Key Attacking Principles

What are the key principles for executing Toreando Pass?

  • Establish dominant grips on opponent’s knees or pants before initiating the pass
  • Create lateral angles by stepping to the side rather than moving straight forward
  • Control opponent’s leg positioning by directing both legs to one side simultaneously
  • Maintain strong posture and base throughout the passing sequence
  • Use explosive hip movement to transition past the guard quickly
  • Keep hands and upper body pressure active to prevent guard recovery
  • Chain with other passes when opponent defends effectively

Prerequisites

What do you need before attempting Toreando Pass?

  • Standing or combat base position in opponent’s open guard
  • Strong bilateral grips on opponent’s knees, pant legs, or ankles
  • Opponent’s legs extended or semi-extended in open guard configuration
  • Good base and posture to prevent being swept during setup
  • Understanding of opponent’s guard retention patterns and reactions
  • Ability to maintain grip control while moving laterally

Execution Steps

How do you execute Toreando Pass step by step?

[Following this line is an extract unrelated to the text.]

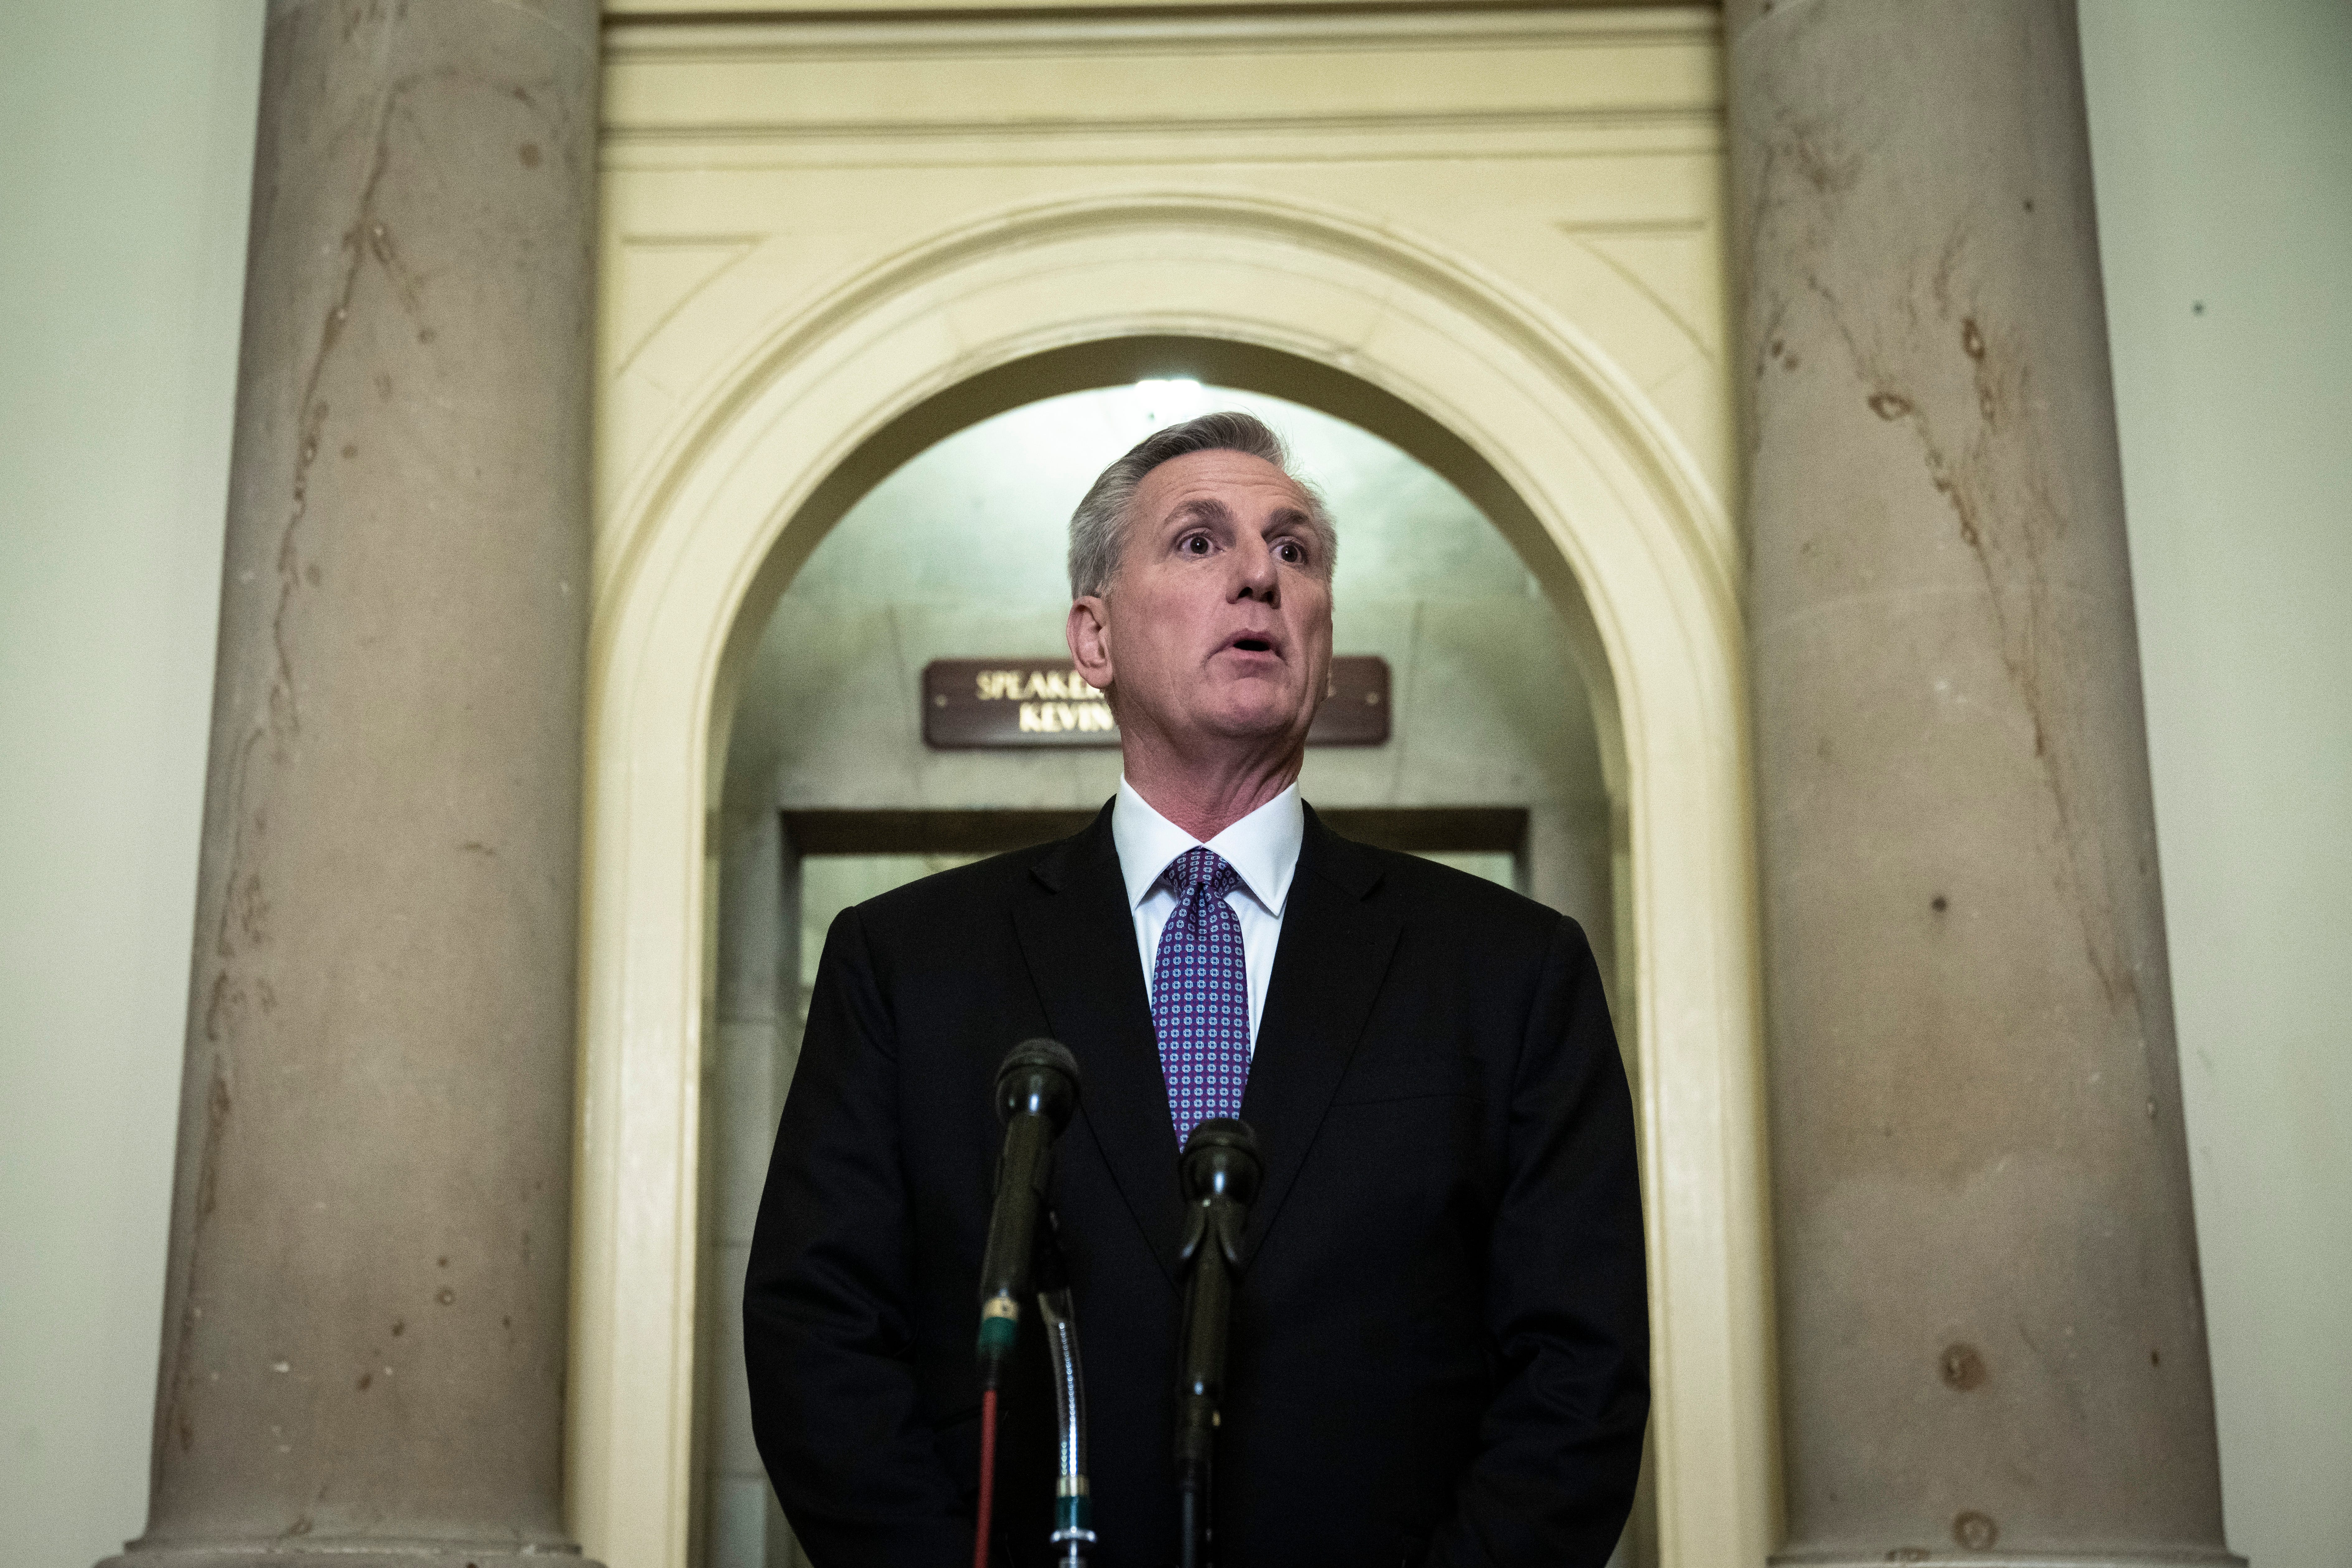 Speaker McCarthy: Santos could be removed from Congress if ethics probe finds he broke law

  1. Establish grip control: From standing or combat base, secure strong grips on both of opponent’s knees or pant legs. Your grip should be firm but allow for dynamic movement. Keep elbows tight and maintain upright posture to prevent opponent from breaking your posture or sweeping.
  2. Create initial pressure: Drive both hands forward and slightly downward, pushing opponent’s knees toward their chest. This initial pressure breaks their guard structure and prevents them from establishing strong frames or hooks. Keep your weight centered over your hips.
  3. Step laterally to passing side: Take a large lateral step to one side (typically your stronger side first) while maintaining grip pressure on the knees. Your step should be explosive and create approximately 45-90 degrees of angle relative to your starting position. Keep your head and chest forward.
  4. Redirect opponent’s legs: As you step, use your grips to forcefully redirect both of opponent’s legs to the opposite side of your movement. If stepping right, push their legs to your left. This creates the ‘bullfighter’ motion where you move one direction while their legs go the other, clearing your passing path.
  5. Drive hips past guard line: Immediately after redirecting the legs, drive your hips forward and past the opponent’s hip line. Your body should now be perpendicular to your opponent. Release the leg grips as you transition to upper body control, preventing them from re-establishing guard.
  6. Establish side control: Drop your chest and shoulder pressure onto opponent’s torso as you secure side control grips. Control their far shoulder with one hand and use crossface or underhook with the other. Your hips should be heavy on their midsection, preventing guard recovery or escape.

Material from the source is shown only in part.